A Bitter Truth, a Bitter Choice

by Gracchus

Tiberius GracchusSome Democrats are finally saying openly what many more are thinking down deep:  the President of the United States should step aside and make room for another, more effectual candidate to lead the country in a better direction.  Like it or not, it is time for all progressive Americans to face up to a bitter truth.  Barack Obama is a failure.

We’ve spent three years explaining and excusing the President’s lack of decisive action:  The financial collapse was not of his making.  The ensuing recession-depression was not his fault.  The intransigence of the tea party has been and continues to be an obstacle to constructive legislation, an obstacle that he is not responsible for.  All these things are true.  But they are the cards he was dealt, and he has played them miserably.

Instead of leading, he has chosen to stand aloof.  Instead of compromising, he has capitulated.  Instead of setting an active agenda which the country can follow, he has conceded to the Republicans the agenda they wish to impose upon us.

It would be foolish to attempt to psychoanalyze Barack Obama and, in the final analysis, a complete waste of time.  It doesn’t really matter what aspects of his personality and character have caused the failure.  The only thing that matters is that he has failed, and it is too late to turn back the clock.  This is regrettable.  But regret will not change reality.

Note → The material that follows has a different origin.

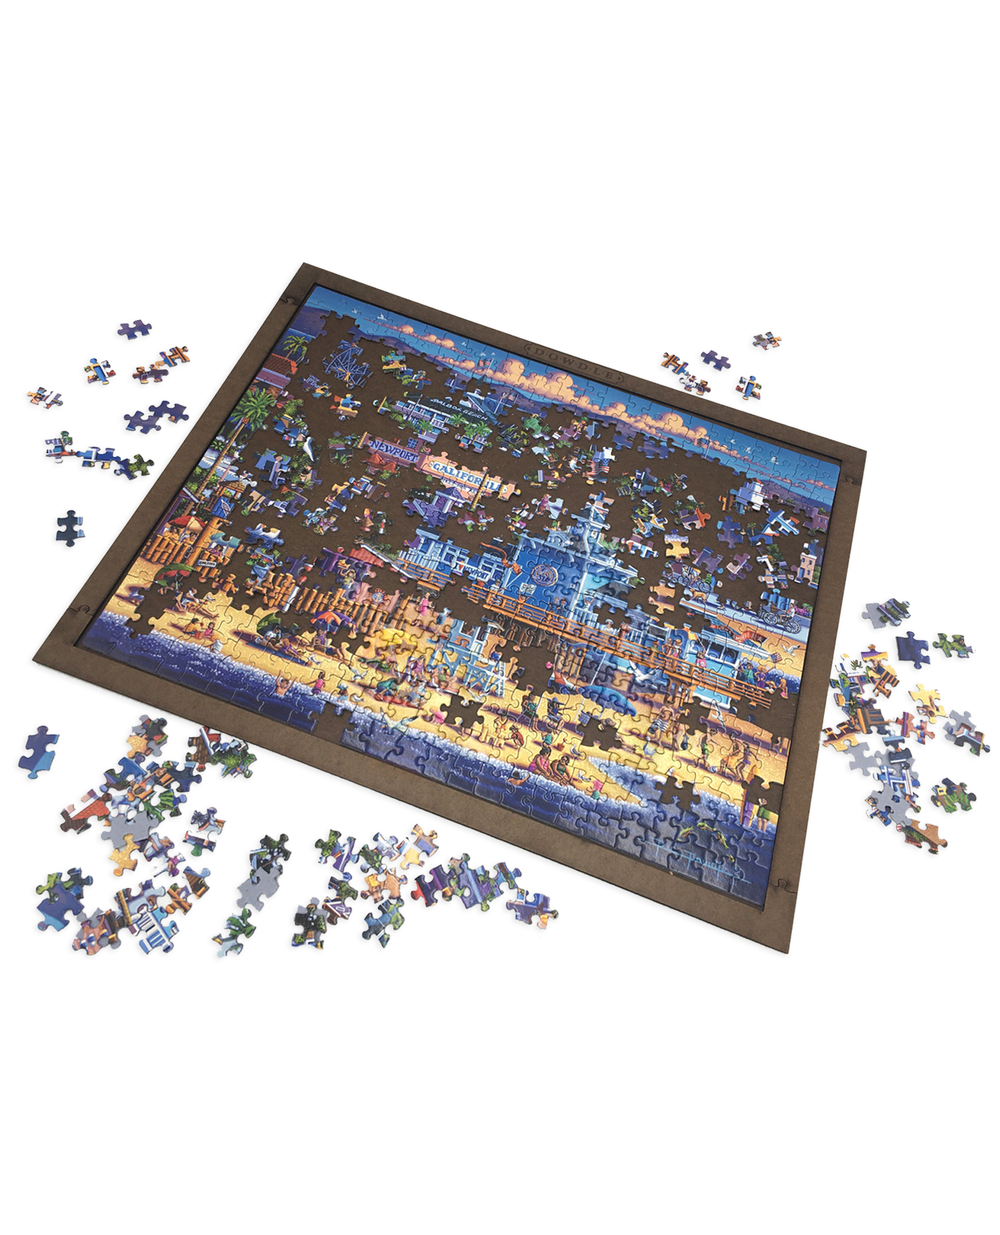 Extra Large Puzzle Tray - 19¼″×26⅝″
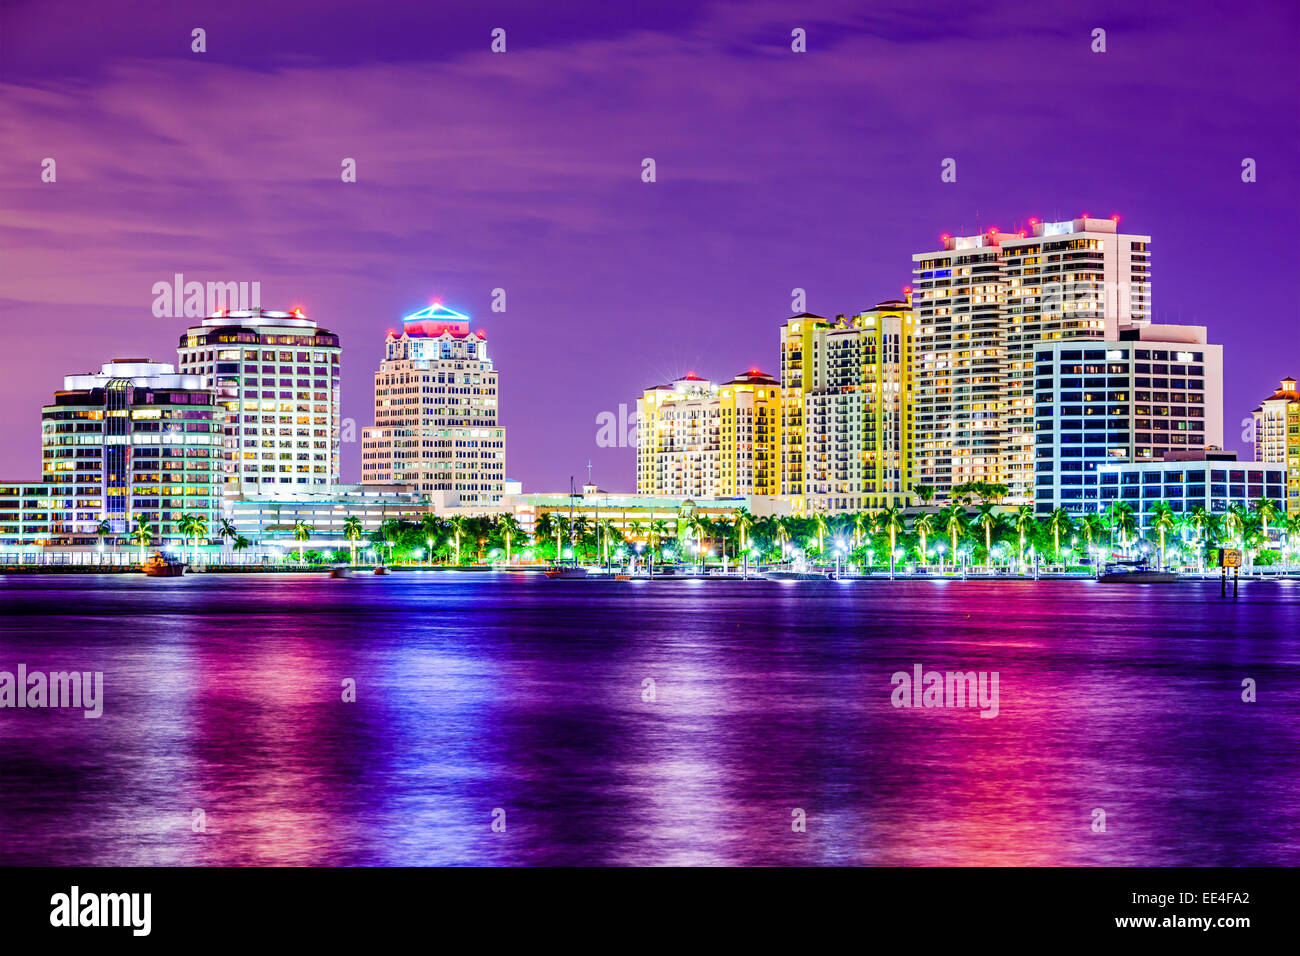 West Palm Beach, Floride, USA ville Atlantid sur l'Intracoastal Waterway. Banque D'Images

For progressives to waste another four years trying to persuade the President to do the right thing would be a great tragedy for the nation.  Too much is at stake.  And there is no evidence that he can be persuaded.  Indeed, there is no evidence that he even knows what the “right thing” is.  Beyond the expedience of the moment and a desire to be reelected, it is hard to fathom what he actually stands for.

He is not even the great communicator that he is so often made out to be.  What has all the lofty rhetoric brought us?  What have the soothing, oh-so-reasonable words accomplished?  The sad answer is:  next to nothing.

This is not the kind of President we need in the midst of an unprecedented economic, social, and moral crisis.  We need a President who can rouse the nation.  We need a President who is prepared to fight for what he believes in.  We need a President who does, in fact, believe in something.

Barack Obama is a manifestly smart and decent man, with the best of intentions.  But the road to hell is paved with good intentions, and we are well on our way down that road.  Somebody has to stand up and say “stop.”  Before it’s too late.

If the President had a level of courage that matched his intelligence, he would heed the call to step aside.  Since that, to say the least, is extremely unlikely, the next national election will confront us all with a bitter choice.  Do we vote for the lesser of two evils or withhold our votes altogether?

Every citizen must obviously answer this question for himself.  And there are those who, quite reasonably, argue that we have no choice, that we must vote for Barack Obama, because the alternatives are so dreadful.  I, for one, am not so sure.

If the President is reelected, what are we likely to get?  Four more years of indecision and capitulation.  Four more years for the right wing to impose its agenda on a fractured Democratic Party and a feckless Democratic President.  Four more years of drift.

Maybe we need a defeat, a complete and decisive defeat, to galvanize the nation into action.  Maybe it’s time for the Democratic Party to become a true opposition party.  Maybe then the Democratic Party will learn how to fight again.